It doesn't have to do any analysis, just compile a database report really, so it is a lot faster than you might think, on par with Lightroom's keyword search itself, which operates the same way using the Catalog.

SYSTEM REQUIREMENTS

System requirements for the plug-in include:

  • Multicore processor with 64-bit support
  • Mac OS X 10.7 (or newer) or Windows 7/8.1/10 (64-bit)
  • Lightroom (Classic CC) Version 5 (or newer)
  • 4-GB Memory
  • 250-MB available HD space for basic installation and further HD space for storage of image feature data, e.g. an Adobe Lightroom Catalog of 100,000 images requires about 650 MB of additional HD space.

And in fact our 64,000 image Catalog requires an Excire database of 441.8-MB.

PRICE, AVAILABILITY

There are two version of the product.

  • The $69 Excire Search Lightroom plug-in is a high-performance search engine that runs locally on your computer and does not require any cloud services. After installing the plug-in and initializing your Lightroom Catalog, you are ready to perform some search tasks aided by artificial intelligence.
  • The $119 Excire Search Pro Lightroom plug-in provides all the features of the Excire Search plug-in plus an expanded keyword transfer function. Excire Search Pro equals the former Excire Search Premium Collection, which consists of the former modules EX, CT, FA & TT.

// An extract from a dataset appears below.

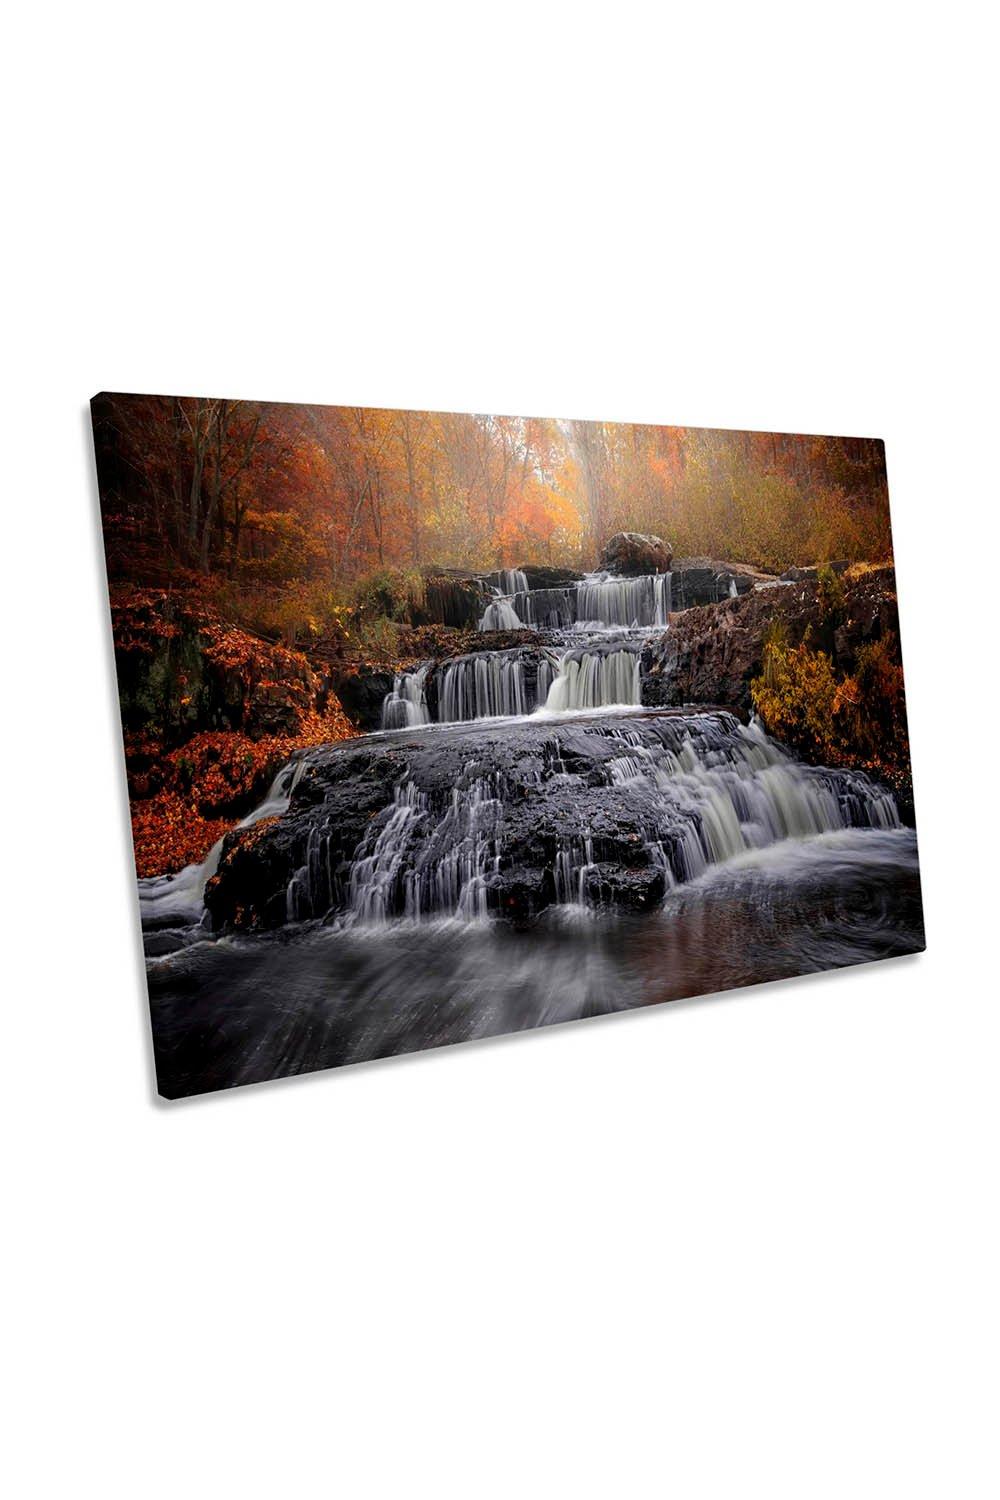 Waterfall Forest Landscape River Canvas Wall Art Picture Print

The main difference between Excire Search and Excire Search Pro is the keyword-transfer function. But the Pro version also has many more keywords, 500 compared to the 125 of the basic version. "While the 125 keywords are optimal for the average user, who wants to keep things simple, professional photographers and serious hobbyists work with larger Catalogs and will benefit from more refined keywords," the company said.

The company has also pledged a portion of the proceeds for each sale to support non profits in the U.S. Excire notes:

We want to keep giving back and a small portion of every purchased Excire Search download will be held in a special fund for support to a variety of nonprofits in the United States market. We'll be developing our own Giving Back Advisory Board who will help us decide each year on a different charity needing more support.

Both products are available directly from Excire. A free trial version is also available.

CONCLUSION

Igor had a difficult time retrieving images with red ties. For some reason he seemed obsessed with Communist countries rather than men's neckties. When we asked him what the trouble was he kept mumbling feverishly, "Men who wear red ties have red ties!"

Excire Search Pro doesn't suffer that kind of confusion. Like Igor, it isn't perfect, but unlike Igor, it's actually fun to use. And it's fun because it delivers something useful every time.

Excire Search Pro has proven to be indispensable here. And that earns it all four photo corners.